In a general way, the brightening of the display of selected characters under computer control is accomplished by simultaneously varying the horizontal and vertical deflection signals to the cathode ray tube in synchronism with control of the beam intensity; the former are usually currents for the tube deflection yoke, whereas the latter is usually a potential at the tube cathode and/or grid. In the case of a display of a plurality of horizontal lines of alphanumeric characters which may be arranged in words of varying length, it is an object of this invention to provide means for intensifying one or a plurality of selected words of selected lines such that the operator may make easy reference to these, although the rest of the display is also quite readable.

It is another object of this invention to accomplish the above while minimizing operator fatigue by permitting the operator to continuously observe the display as he makes selections for brightening.

It is a further object of this invention to provide display intensification with equipment commensurate with that known in computer technology so that the display may be used as a computer input-output device.

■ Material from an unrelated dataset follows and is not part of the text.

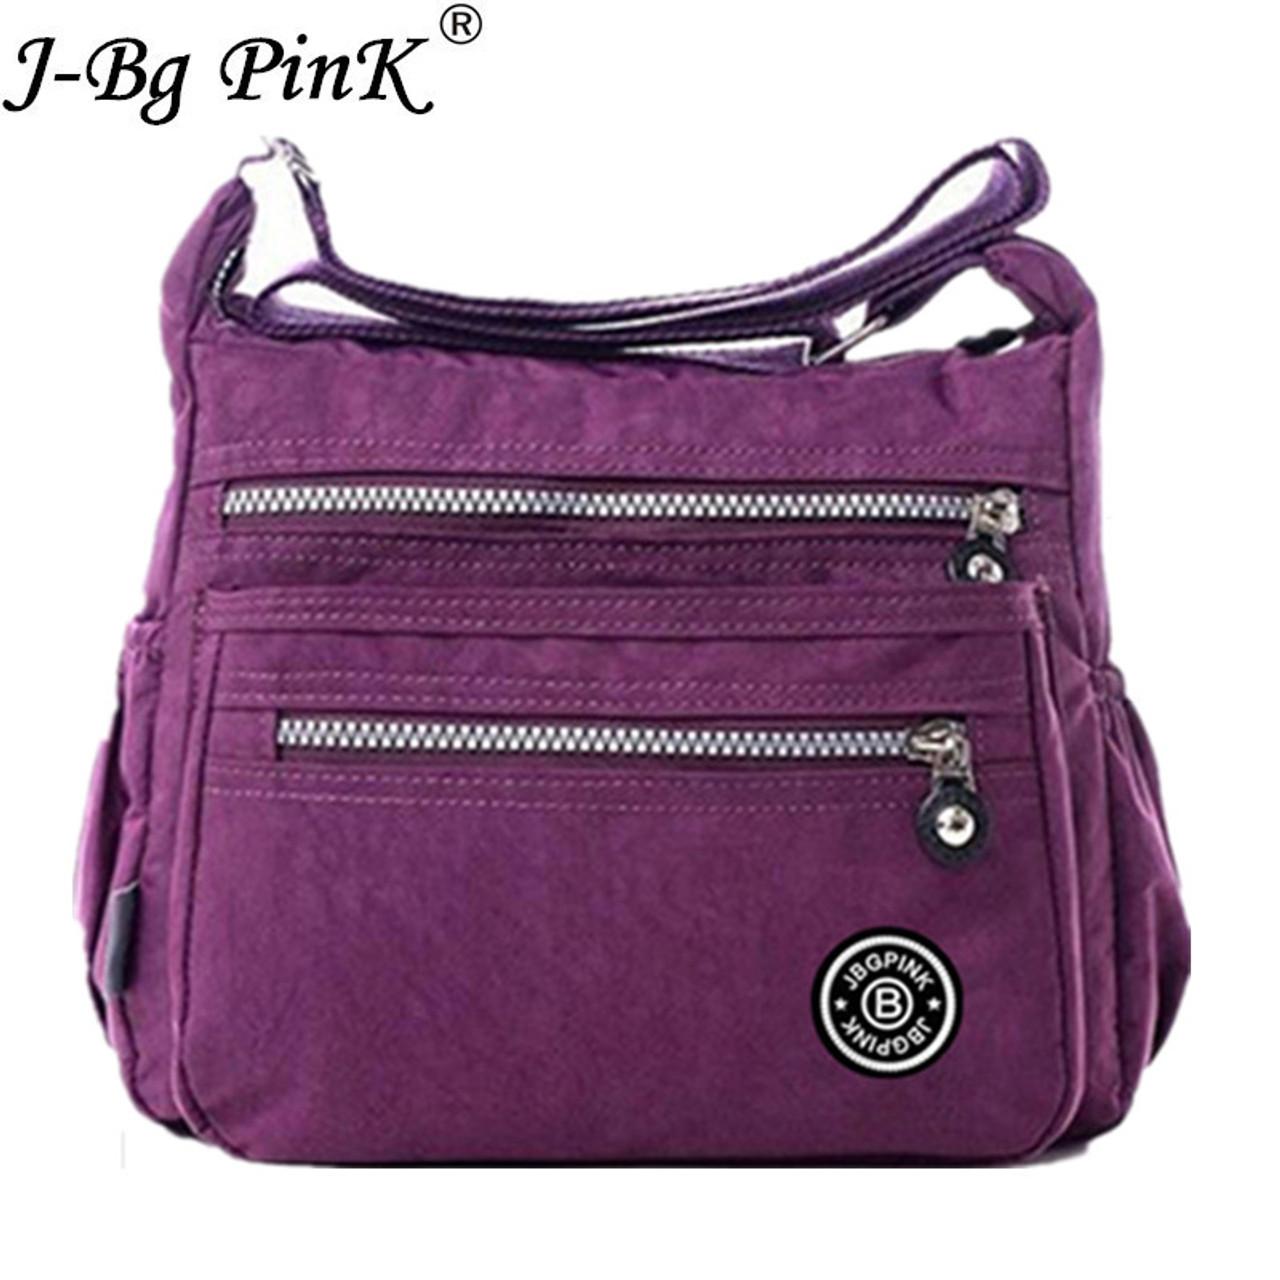 J-BG PinK Women Messenger Bags Nylon Canta Shoulder Bags Handbags Famous  Brands Designer Crossbody ... 0e31753d348cf

It is another object of this invention to provide a cathode ray tube trace brightening circuit wherein the brightness remains substantially constant for its entire duration, is accurately repetitive, and is changeable as the operator desires.

The foregoing and other objects, features and advantages of the invention will be apparent from the following more particular description of a preferred embodiment of the invention, as illustrated in the accompanying drawing, a block diagram of the system.

The display unit in which the invention is utilized in its preferred embodiment, comprises a cathode ray tube and associated circuitry for driving it such that, in a display frame, 2048 alphanumeric numeric characters may be distributed in 32 lines of 64 characters each. The characters making up the frame are stored in binary form (6 bit code) in a recirculating register such as a delay line or some other cyclical storage device synchronized by a clock signal source, which generates periodic counts.

Generally, not all characters recirculating in the register are visible on the CRT face since certain characters, such as marker, brighten and space characters (to be explained), although stored in their proper places, are utilized only as control for the circuitry, thereby affecting characters which are visible. Thus, the first character in the register is a vertical synchronizing character which triggers the CRT beam vertical traverse and thus times the display frame repetitions whereas 32 horizontal synchronizing characters correspond to the 32 sweeps (lines) of a frame. A keyboard and a computer connect to the display unit in the preferred utilization.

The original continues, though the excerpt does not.